In a sign that investors aren't quite sold on the idea, Tyco's shares rose $1.05, or 2.4%, to $44.75 a share in 4 p.m. composite trading Monday on the New York Stock Exchange.
Such plans carry risks. It can take months to work out legal and financial details, during which time business conditions can deteriorate. Tyco estimates it will need to spend $700 million to execute the spinoff but said lower interest costs would offset some of that tab.
Companies including General Electric Co., which has completed a number of oil-and-gas acquisitions in the past year, and United Technologies Corp., which is said to be in talks to acquire Goodrich Corp., are keeping to the conglomerate path. ITT, whose shares jumped after it unveiled plans to break up, has seen the stock fall 16% from its level before the announcement.
Tyco made an art of acquisitions and divestitures. The company started in 1960 as a semiconductor and materials-science company and completed its first deal in the mid-1960s. More deals followed in the next two decades.
Calling It Splits
Several companies have announced plans to split themselves apart in recent months.
Acquisitions accelerated under Chief Executive L. Dennis Kozlowski, who was convicted with former Chief Financial Officer Mark H. Swartz in 2005 of systematically looting the company. Mr. Kozlowski's deals included the 1997 acquisition of ADT, which now will be spun off, and the 2001 acquisition of financial-services firm CIT Group Inc., which was sold a year later in an initial public offering.
Mr. Kozlowski in 2002 announced plans to break up the company but the idea was shelved because of shareholder concerns over Tyco's accounting. Mr. Kozlowski called the plan a "mistake."
"I am gratified to see the continuing strength of the company I left in 2002, including some of the business units that were acquired under my stewardship," the former CEO said from prison Monday in a statement issued by one of his lawyers.
The planned breakup will end Mr. Breen's decade-long tenure at Tyco's helm. On his first day on the job in 2002, investors holding more than 15% of Tyco's shares showed up unexpectedly and demanded that he replace the entire board. "Oh, this is going to be real good," Mr. Breen recalled telling himself.

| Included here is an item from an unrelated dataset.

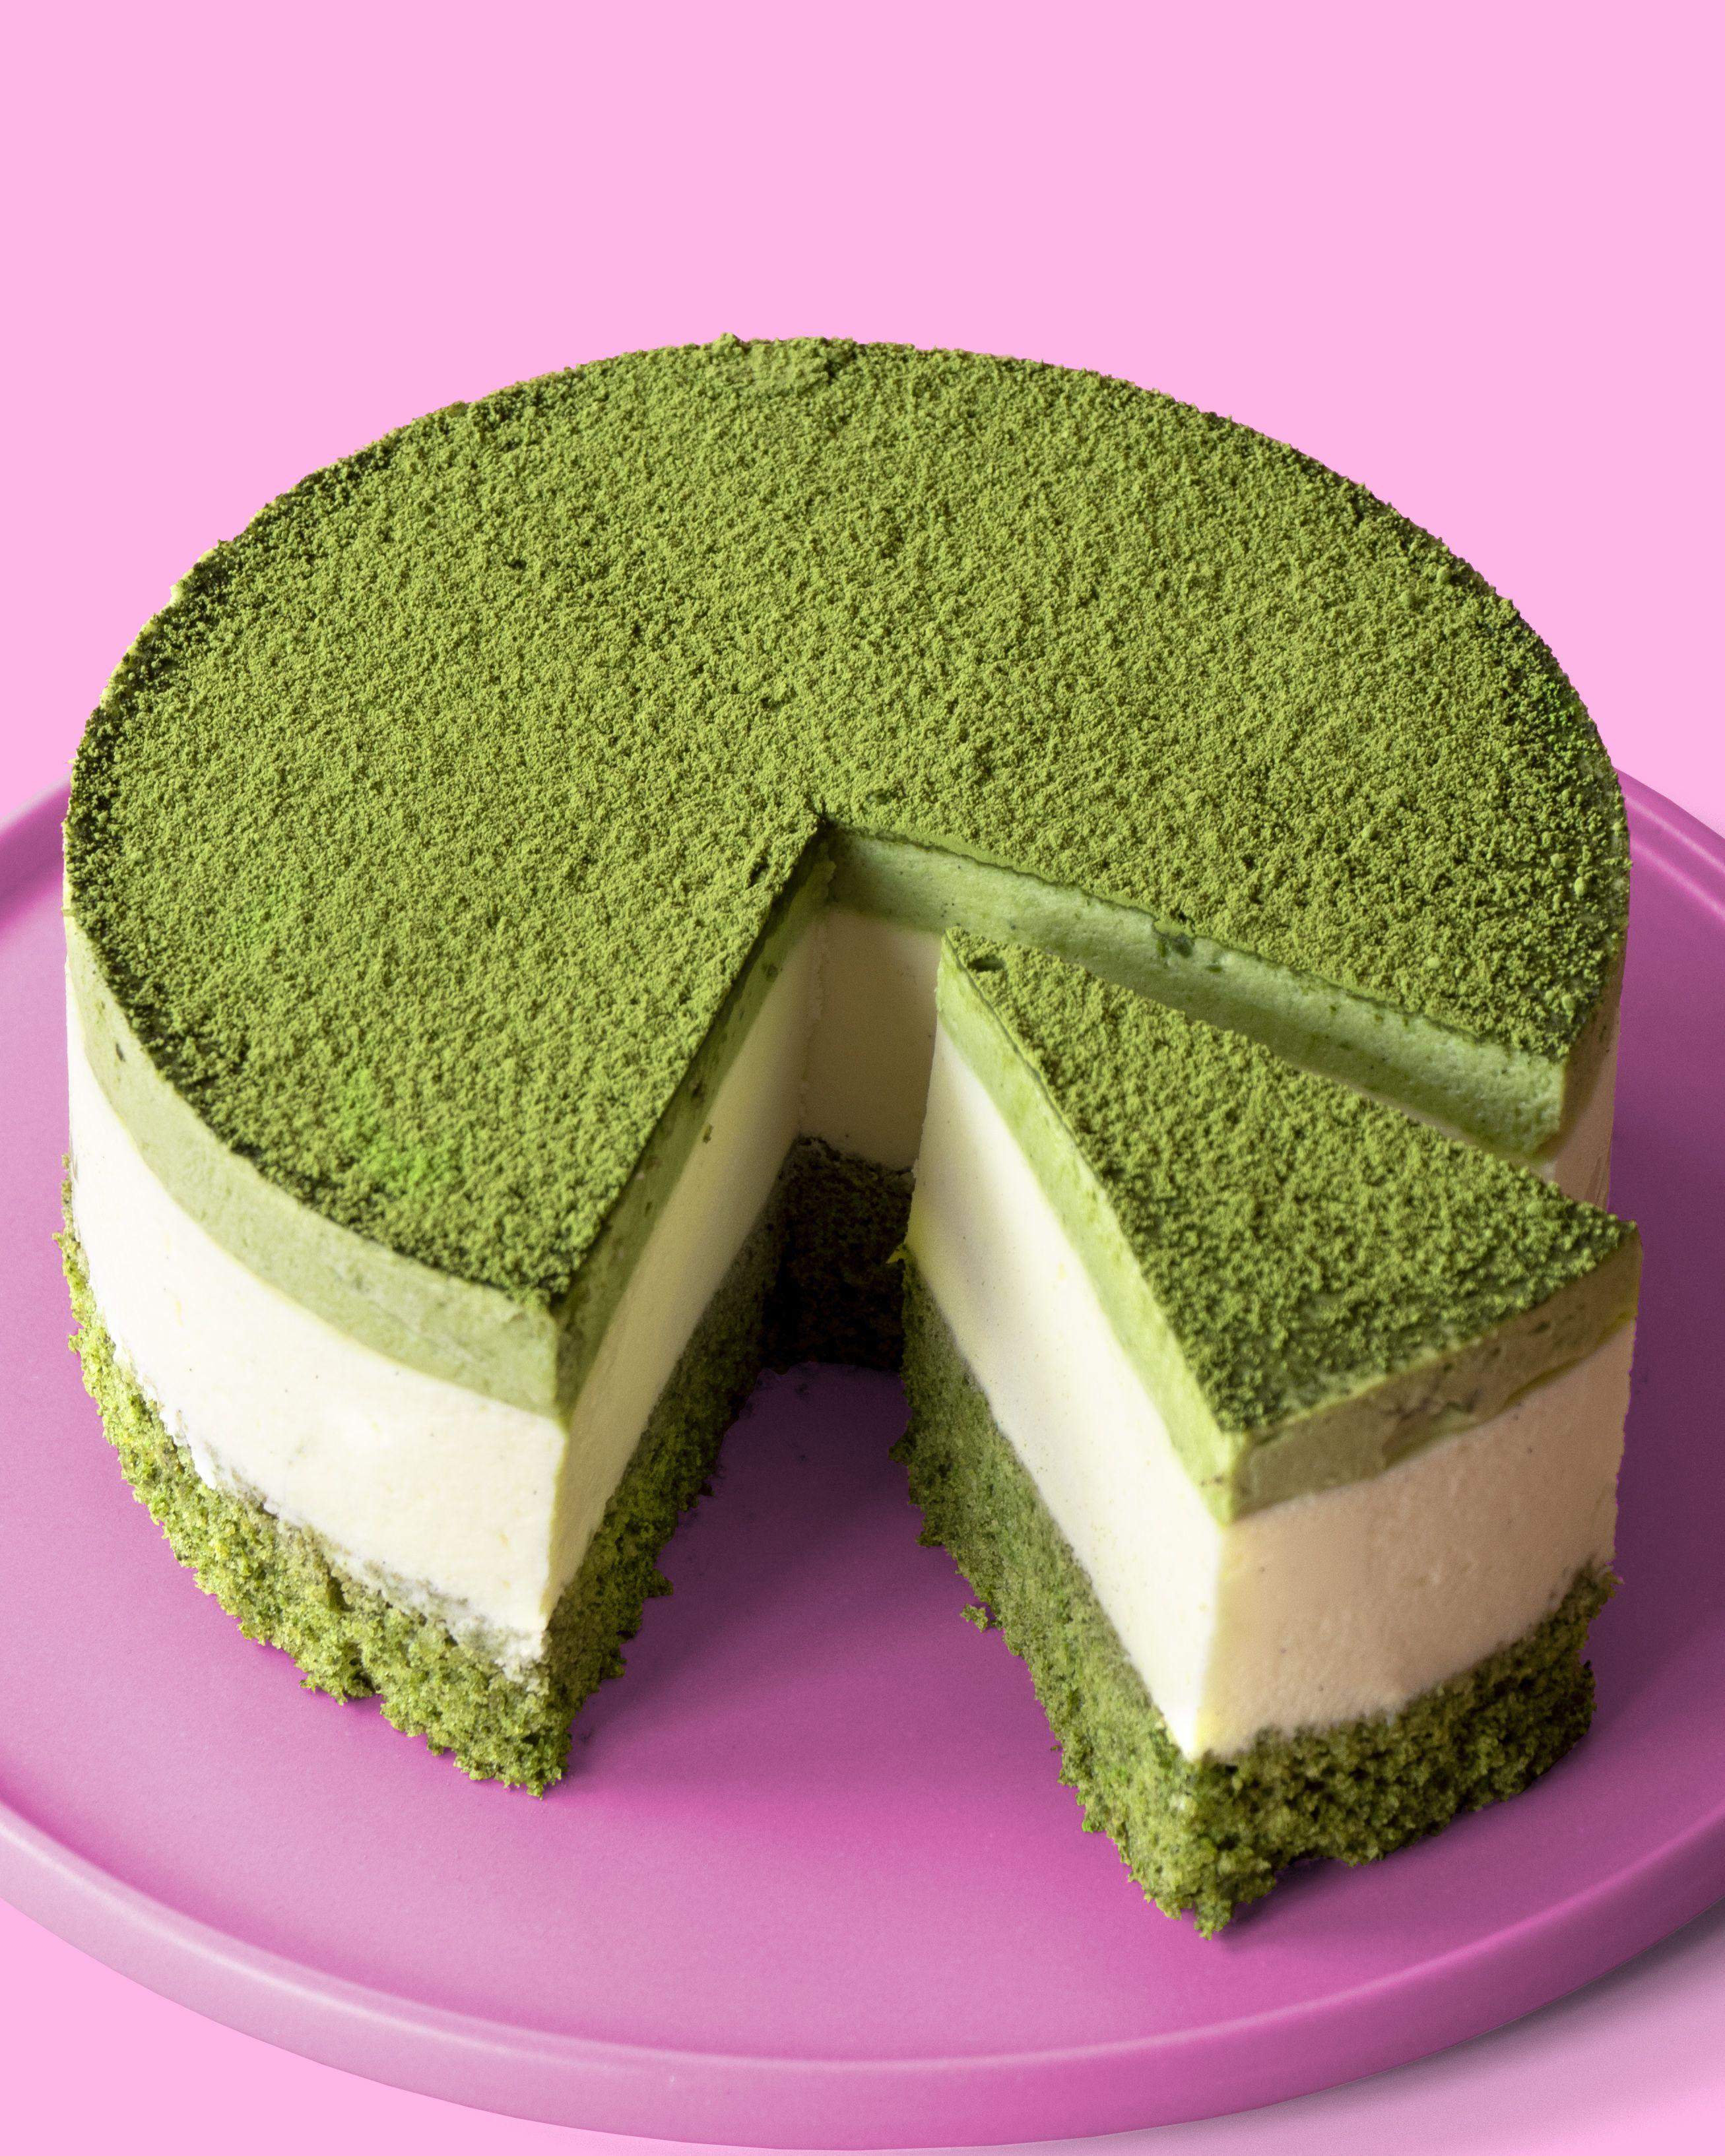 White Chocolate And Matcha Mousse Cake

Rather than spin of more operations then, Mr. Breen said directors opted to strengthen the remaining operations before sending them out on their own. Last year, Tyco bulked up its home alarm business by purchasing rival Broadview Security for $2 billion in cash and stock.
Tyco has been the subject of regular speculation about takeover attempts. Schneider Electric SA in April distanced itself from reports it was considering acquiring Tyco after news of the French company's interest drew a poor reception from investors.
Mr. Breen, 56 years old, said he might consider becoming a CEO elsewhere. The spinoff plan calls for him to become nonexecutive chairman of the commercial fire-and-security company, a director of the pipe-and-valve company, and a consultant to the ADT North America residential-security company.